▸ **LISTED ENTRIES**
-----

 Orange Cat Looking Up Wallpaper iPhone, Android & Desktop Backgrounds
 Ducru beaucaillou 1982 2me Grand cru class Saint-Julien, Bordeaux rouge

-----

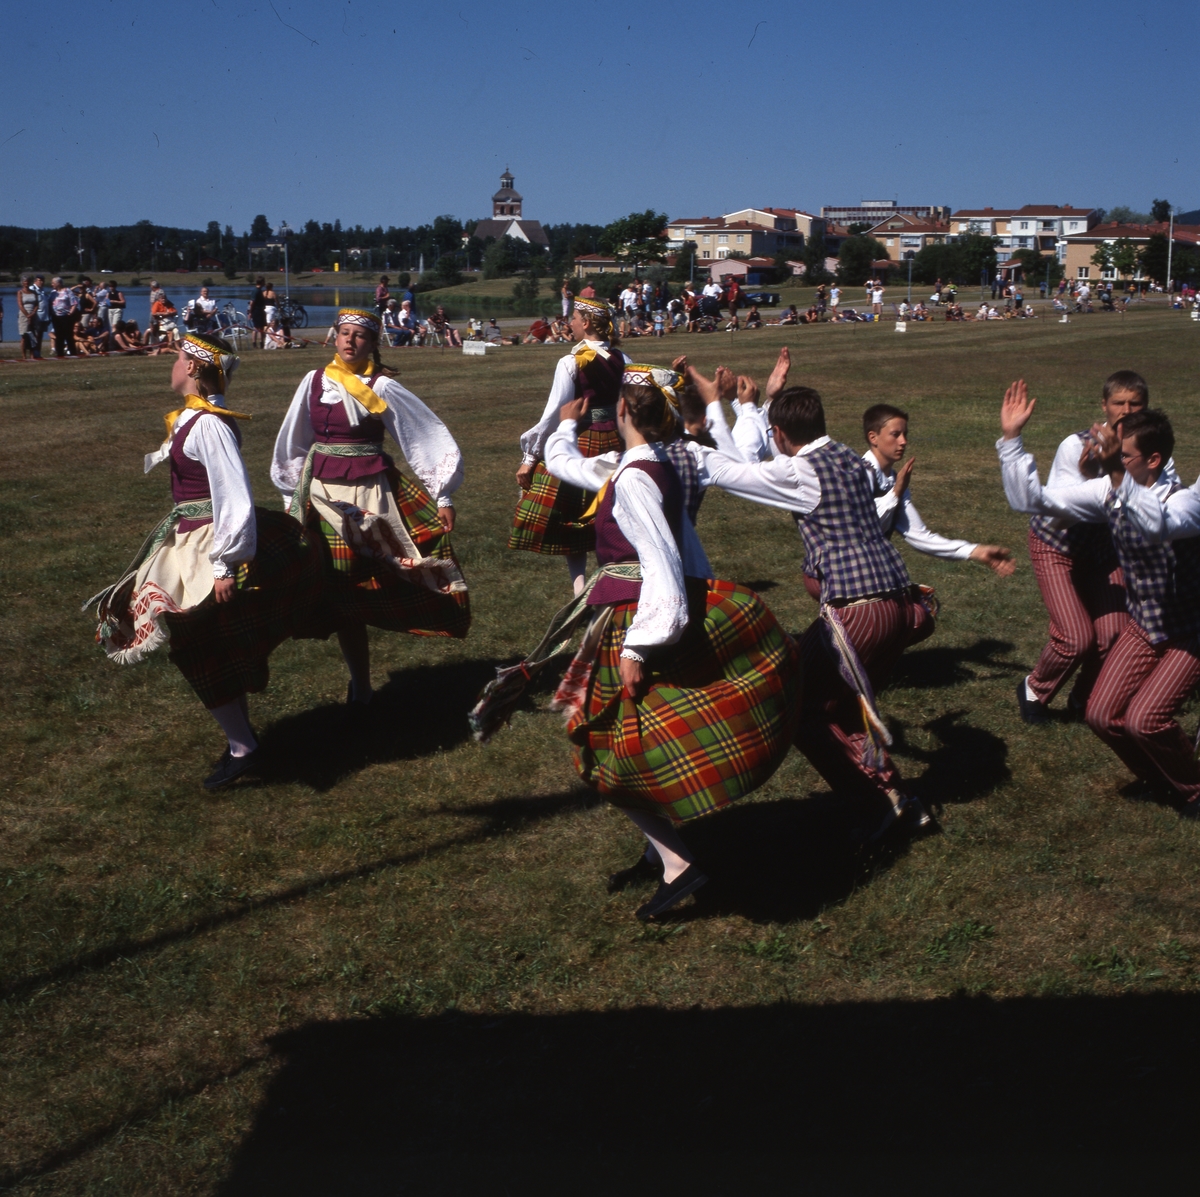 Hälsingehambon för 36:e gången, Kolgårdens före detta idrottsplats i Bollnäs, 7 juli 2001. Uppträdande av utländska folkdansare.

-----

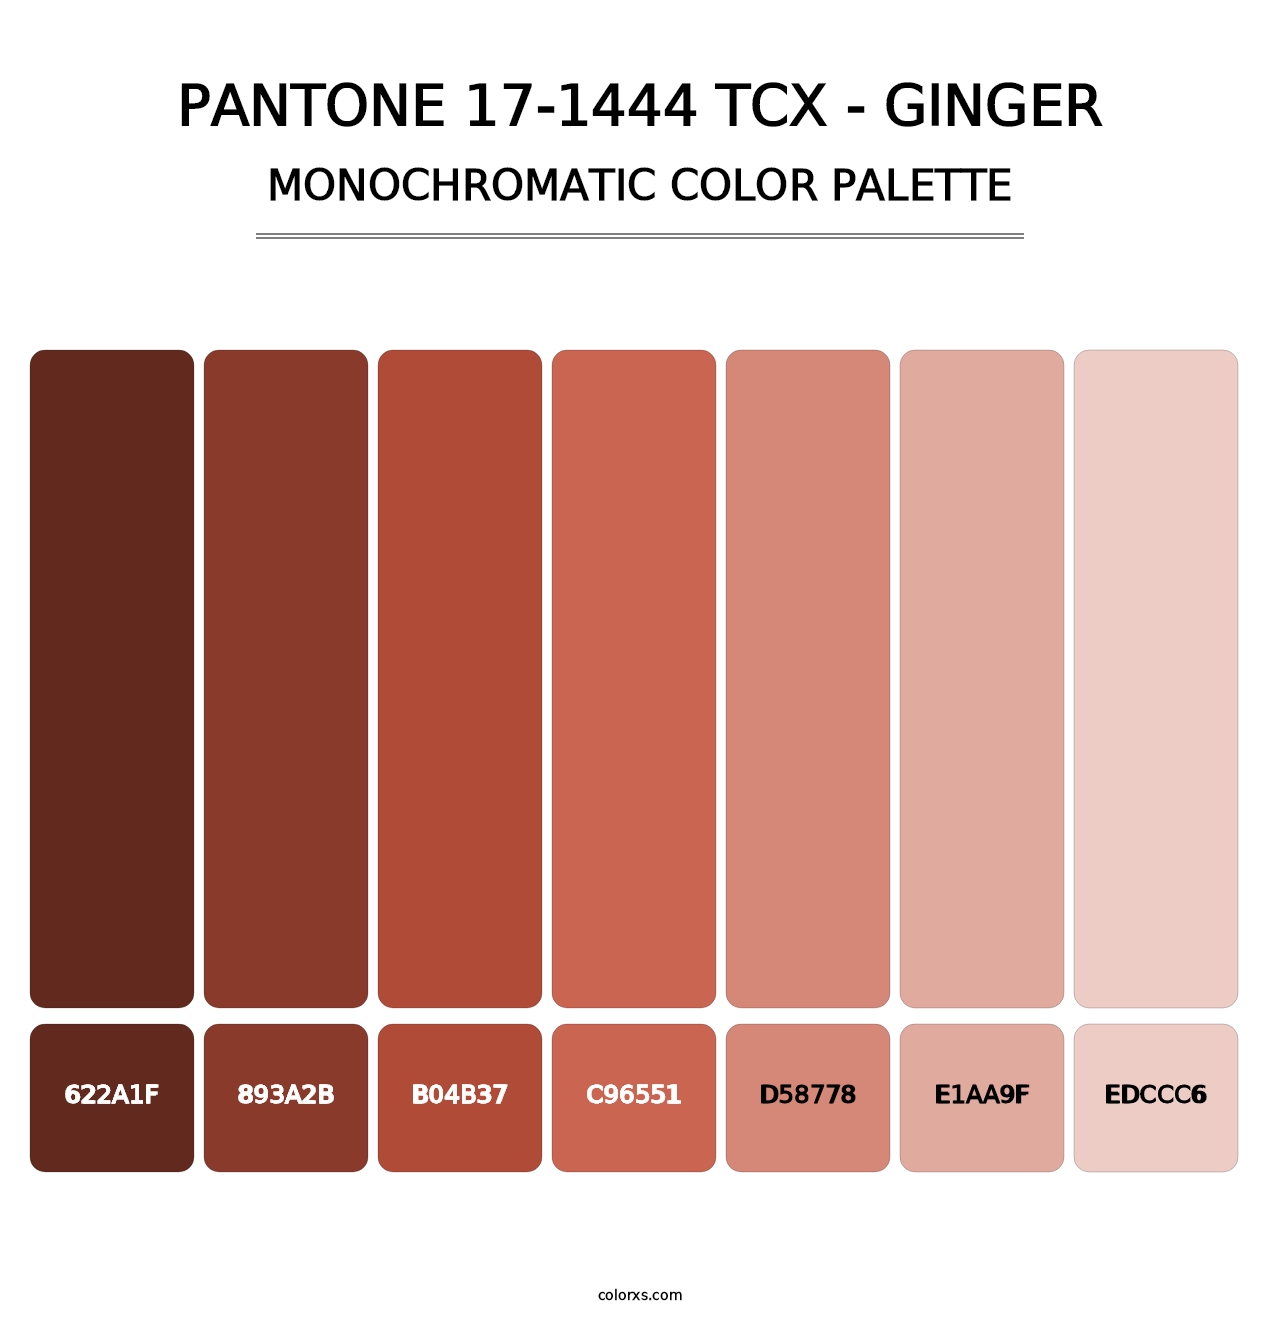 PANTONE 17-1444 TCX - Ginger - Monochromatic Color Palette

-----

▸ **ASSIGNMENT**
Could you transcribe the entries above word for word, from the line with "Orange Cat Looking" down to the line with "Ducru beaucaillou 1982", keeping both?

▸ **SOLUTION TO THIS PROBLEM**
 Orange Cat Looking Up Wallpaper iPhone, Android & Desktop Backgrounds
 Ducru beaucaillou 1982 2me Grand cru class Saint-Julien, Bordeaux rouge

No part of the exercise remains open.